# building a couch



## woodmeistro (Jul 9, 2010)

has anyone on here ever built a couch. i want to build a modern mission style couch. I have based some of the demensions on a mission style chair that I have. i would like any in put that anyone may have.


----------



## DannyT (Apr 26, 2011)

I bought a mission furniture book but never got around to making anything from it. always liked the mission style tho.


----------



## woodnthings (Jan 24, 2009)

*Mission style*

Also my favorite style. :thumbsup: There's a thread or two on this here. There are 2 parts that will make this a success. One is beveling the 4 pieces for the legs. Or using thin skins of quarter sawn over a box section. 
The other issue to deal with is the "mortising" of the slats.
You can make actual separate mortises for each slat or make a long dado and fill in between each slat with a separate block. It might depend on if you are a "purist" or whether you have a mortise machine. After about 20 mortises, I'd be thinkin' dado method myself. 
Don't forget the finish as it's a special color mix.
Oh, and then there's the upholstery....
knotscott has made some mission style.
http://www.woodworkingtalk.com/f13/mission-style-hall-bench-4548/
Good luck on this, it will be a great project!  bill


----------



## woodmeistro (Jul 9, 2010)

thanks for the in put so far. i guess I should have given a little more detail. I would like input on some demensions as to depth of seat, height of back, angle of back to seat, arm rest height. I am building a mock up now and will post a pict as soon as I complete it this weekend that should give you more in sight as to the style. it is to work out these details befor I start cutting the good stuff.

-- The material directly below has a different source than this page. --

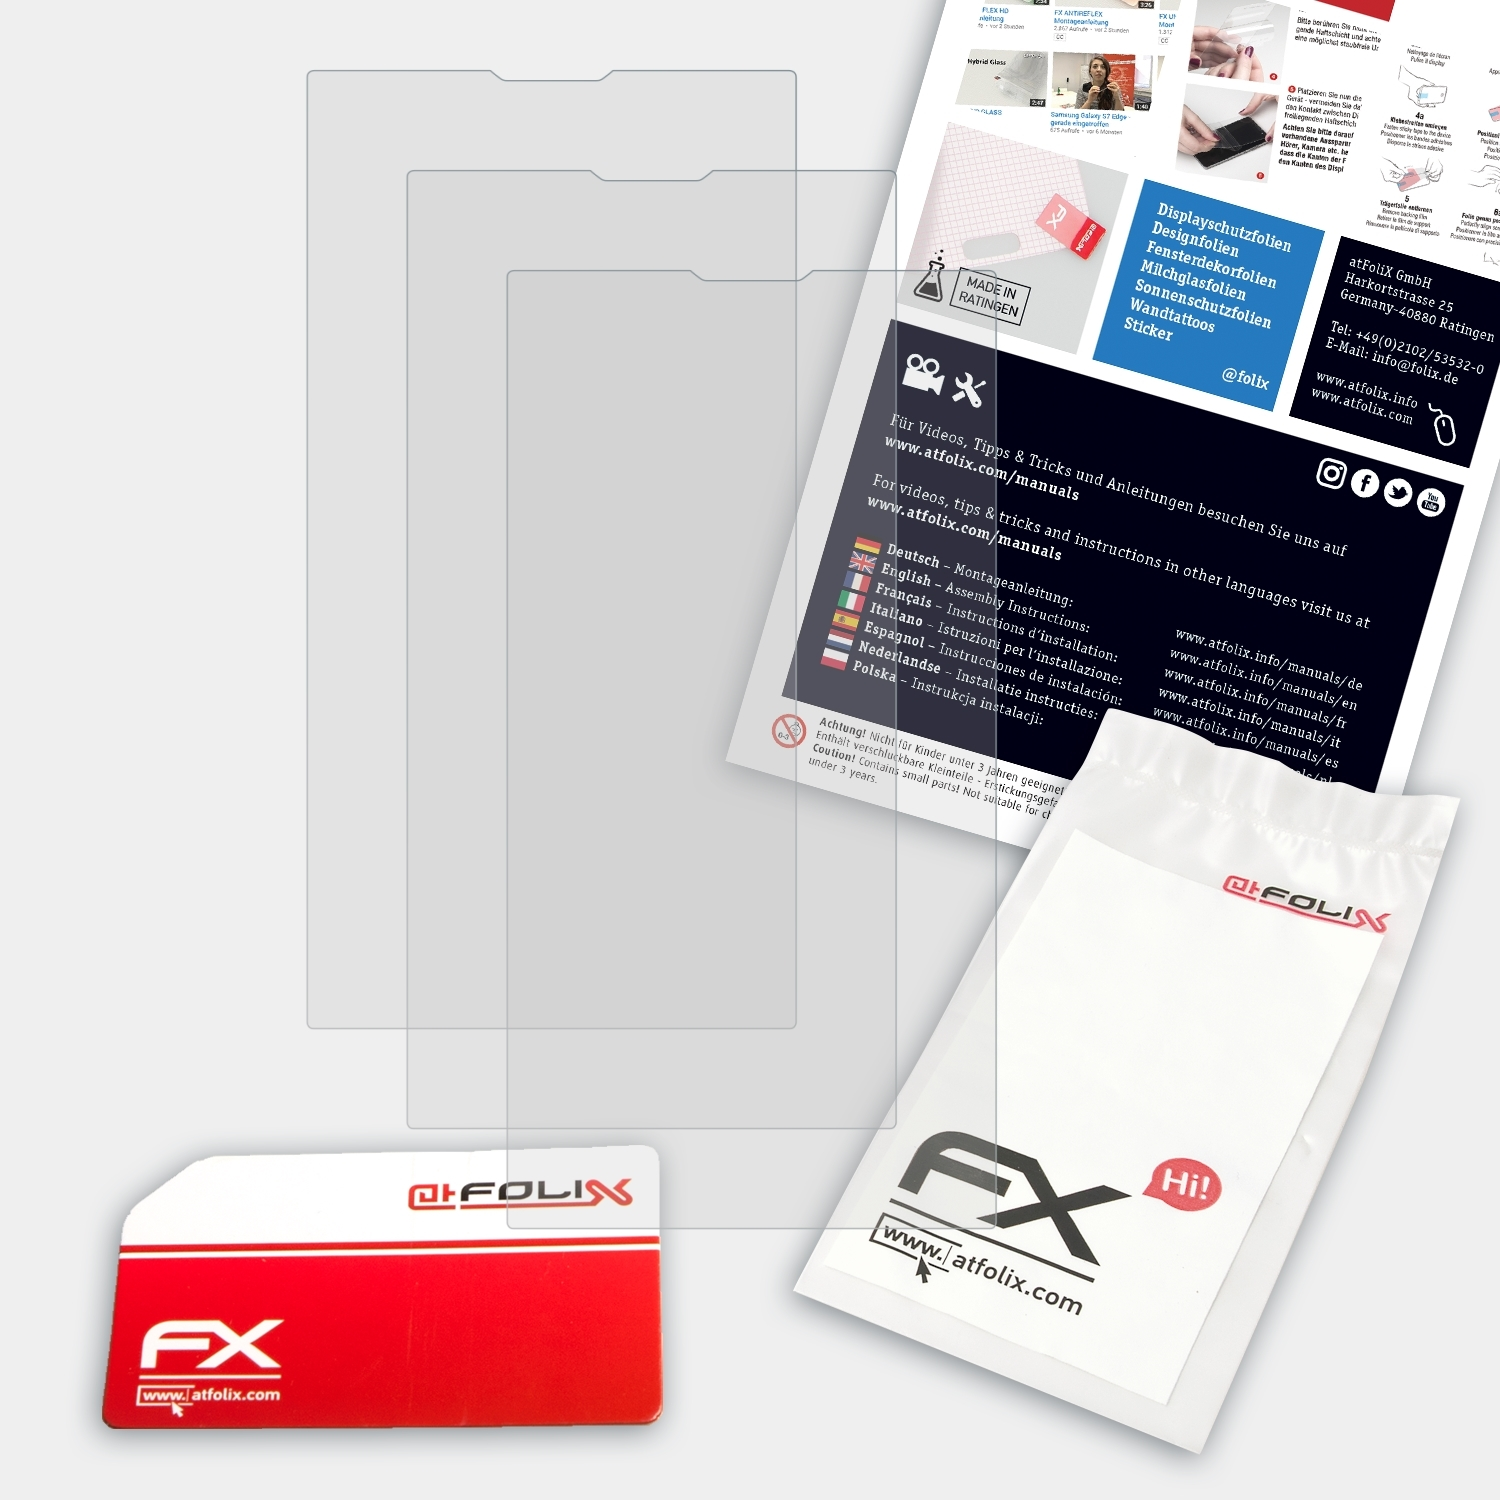 ATFOLIX 3x FX-Antireflex Archos Displayschutz(für Oxygen) 50b
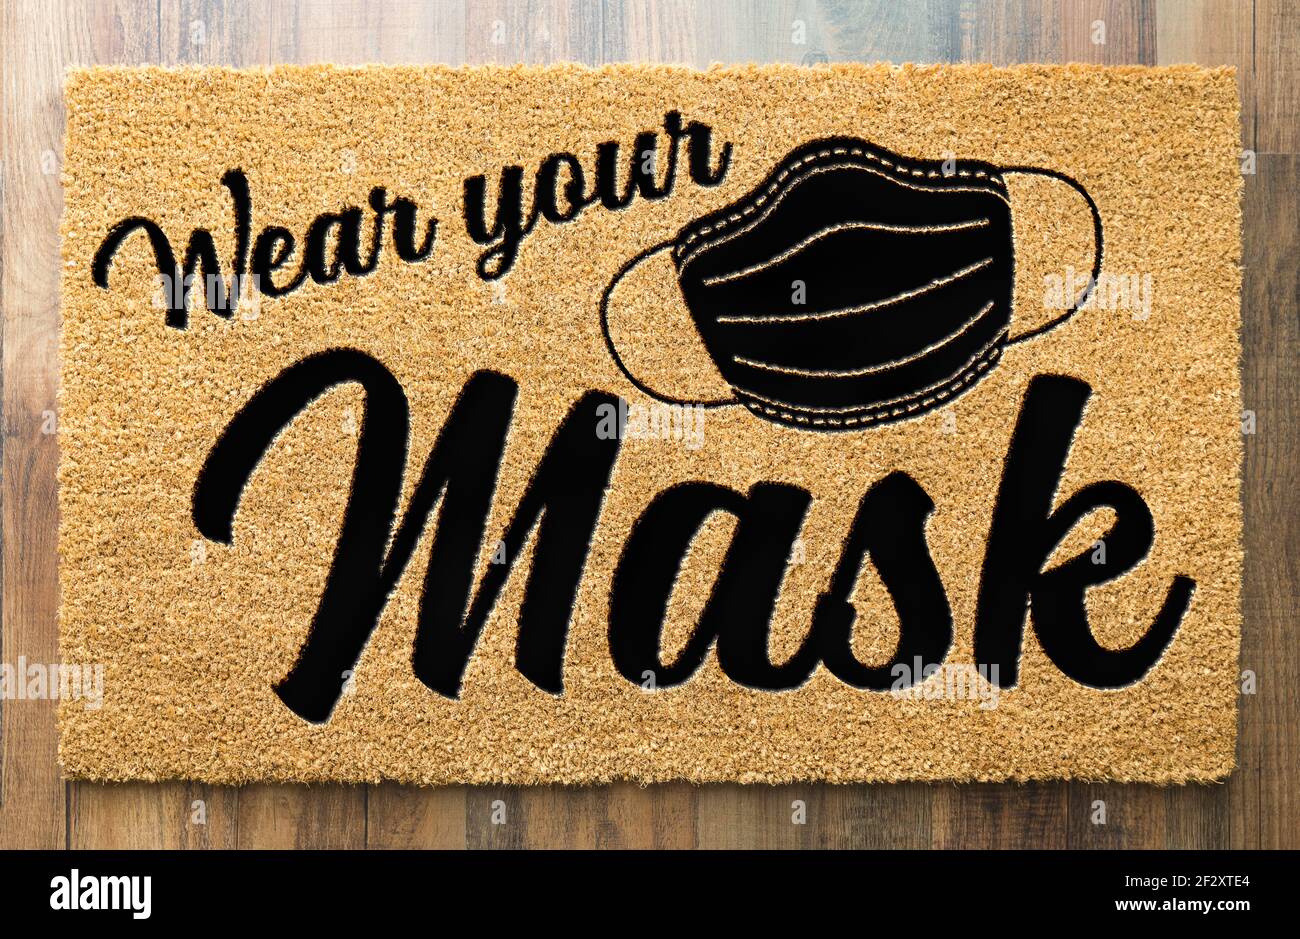 Wear Your Mask Welcome Door Mat on Wood Floor. Stock Photo

I want to build it right the forst time and want it to last a life time


----------



## Improv (Aug 13, 2008)

woodmeistro said:


> I would like input on some demensions as to depth of seat, height of back, angle of back to seat, arm rest height.


If this couch is for you, then you will want to take the time to figure out all those measurements. I built a couple of couches for myself (I'm 6'5"), so IMO depth of the seat should be from the back of your hip bones to the back of your knees while seated (a cushion will ultimately push you forward a bit more). The back height should be enough to rest your head on while seated upright without looking at the ceiling. The back angle is not going to be that much (like 2 to 7 degrees), but its mostly a matter of taste. The arm rest height should be so that it doesn't force your shoulder joint upward, but so that you also don't need to reach down for it.

If this couch is not for you, visit a furniture store with a tape measure. A mass produced product does 'average person' very well.


----------